**Data segment**
════════

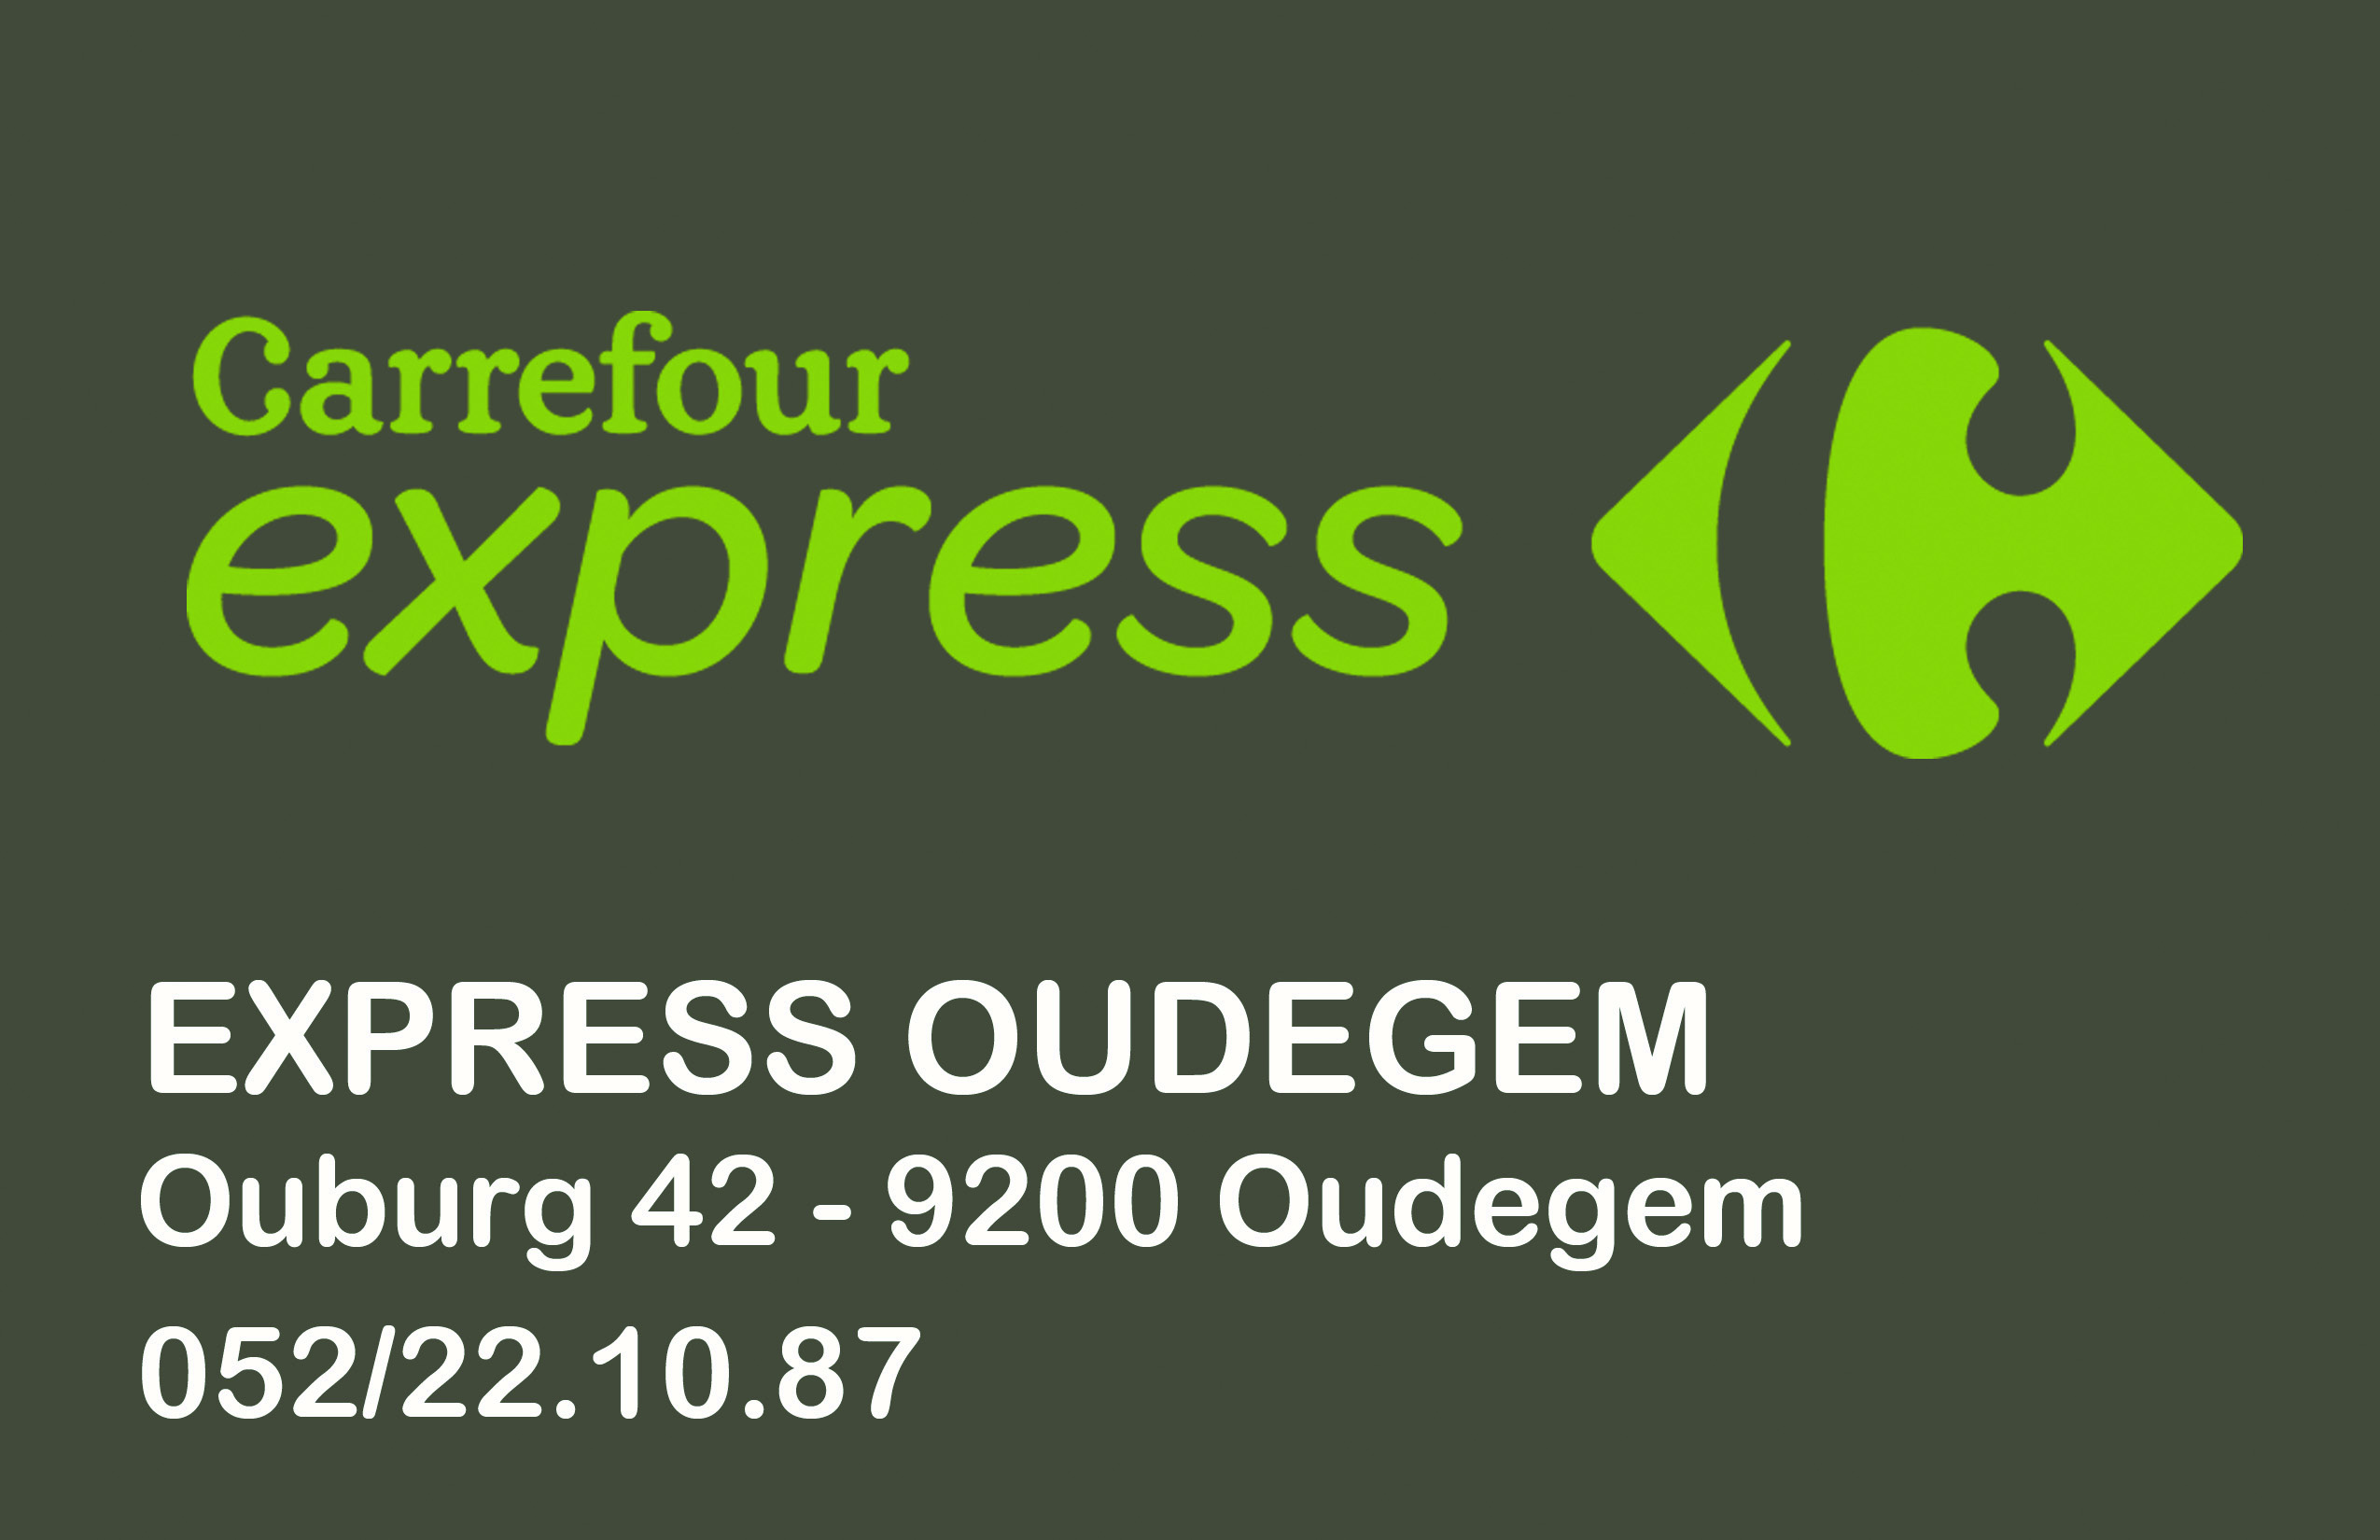 Carrefour Express Oudegem
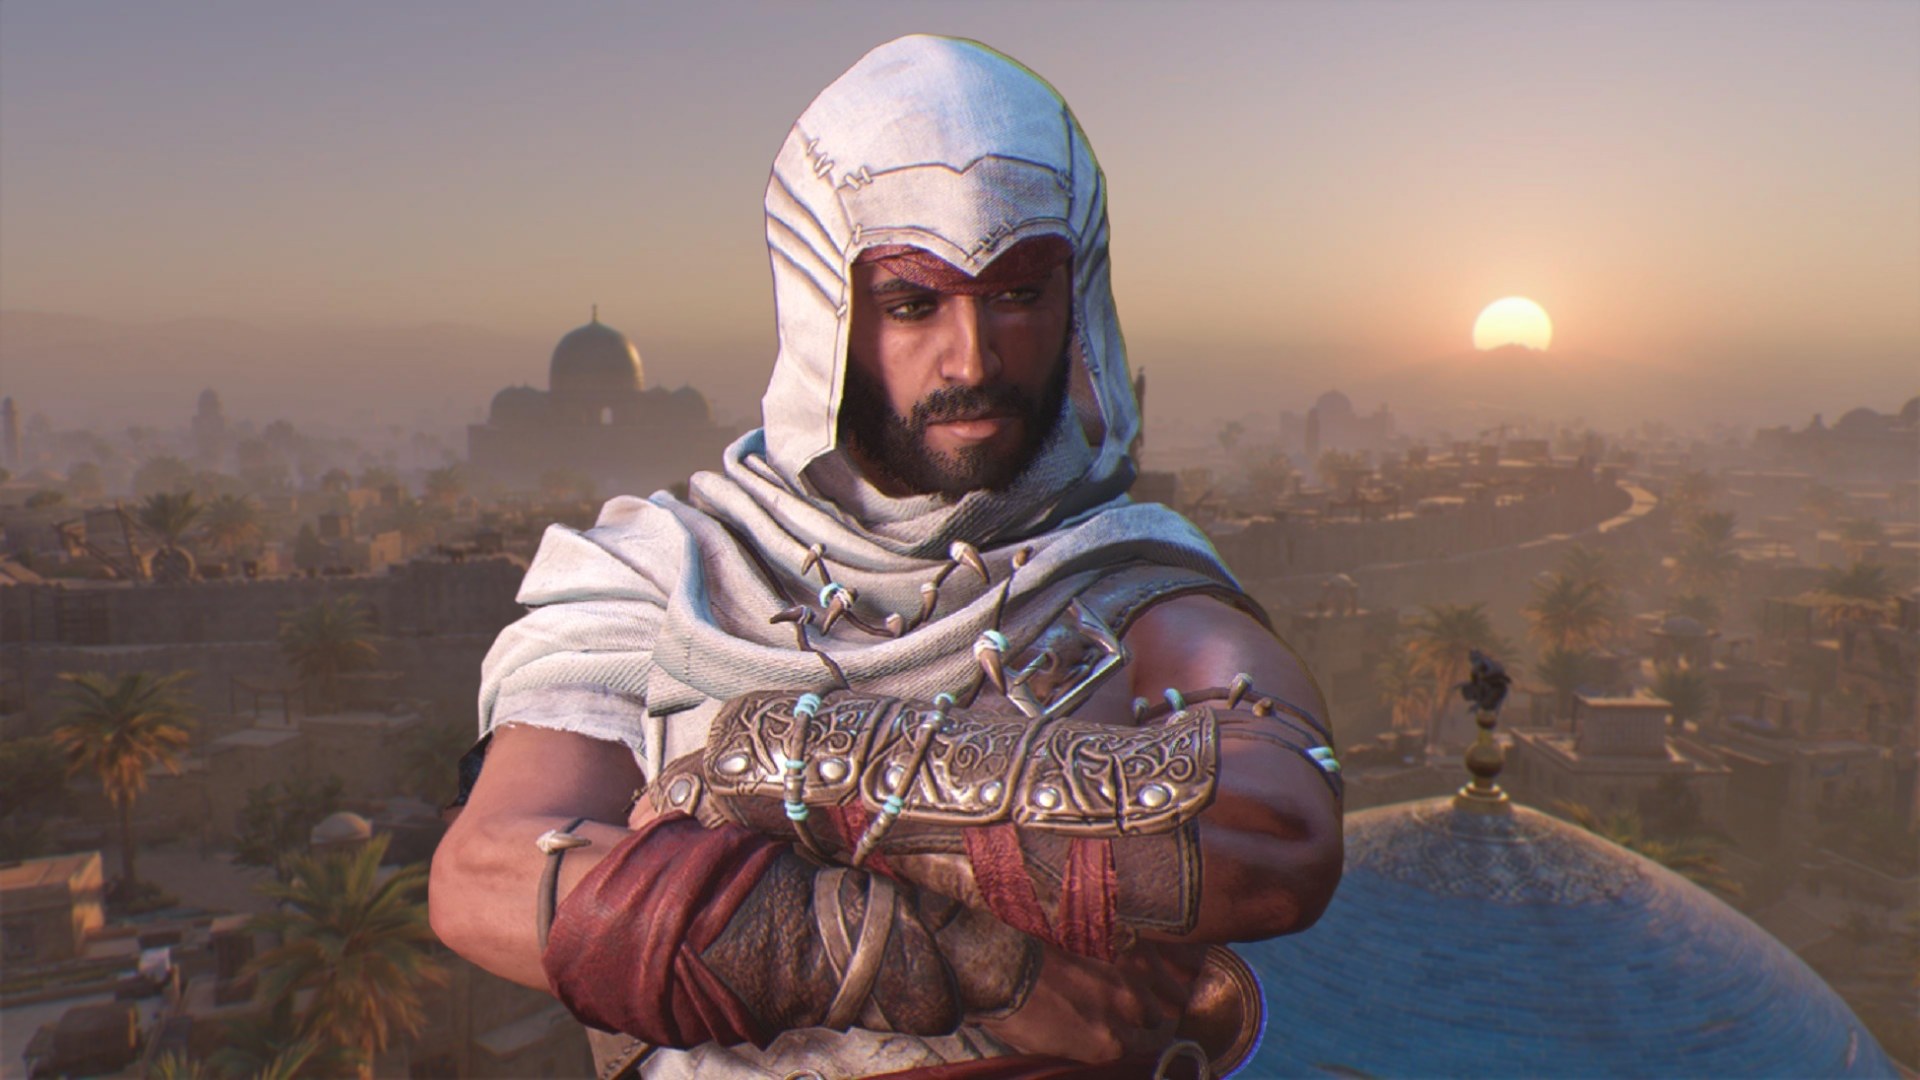 Assassin's Creed Mirage, OT, Basim, the Origin
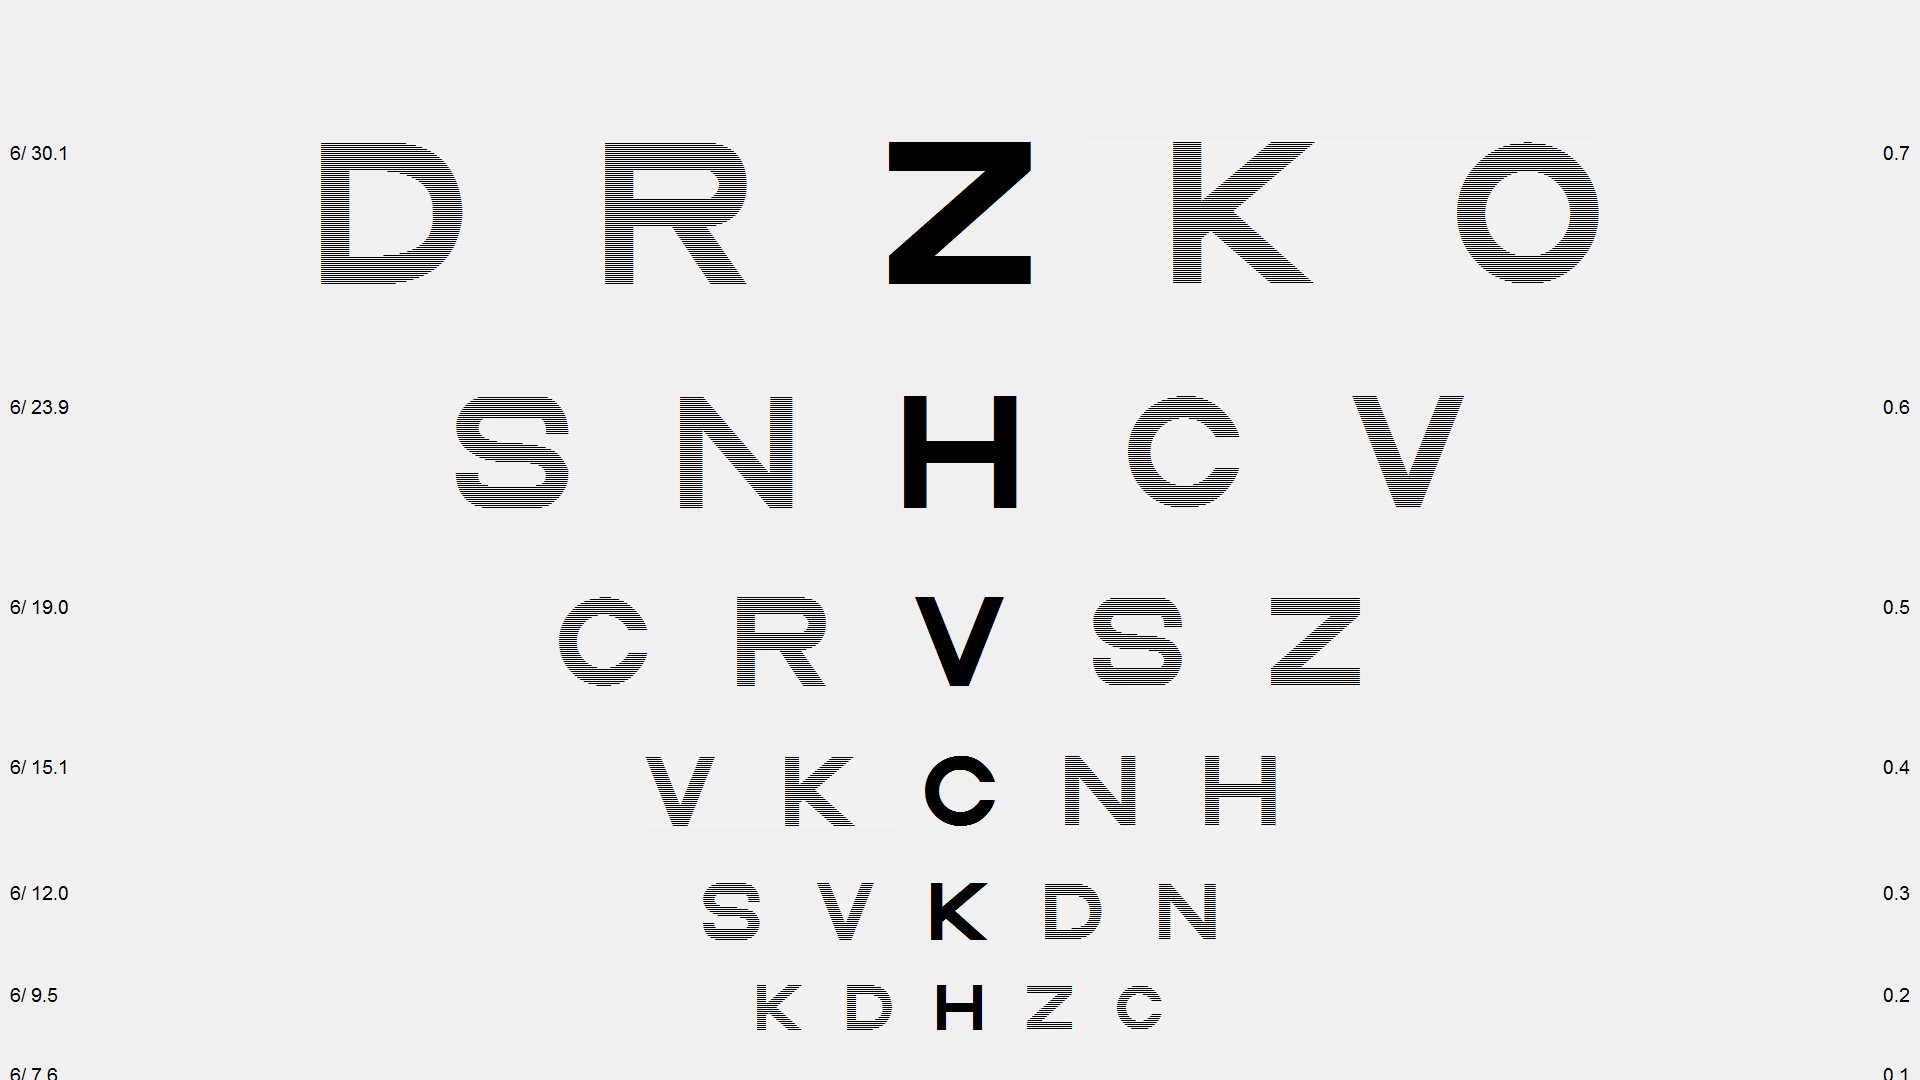 Binocular Test Chart

════════

**Exercise goal**
Quote verbatim the final run of lines in the material above, from the line that contains "Assassin's Creed Mirage, OT, Basim, the" through the very last line, excluding any pictures.

**Solution for this task**
 Assassin's Creed Mirage, OT, Basim, the Origin
 Binocular Test Chart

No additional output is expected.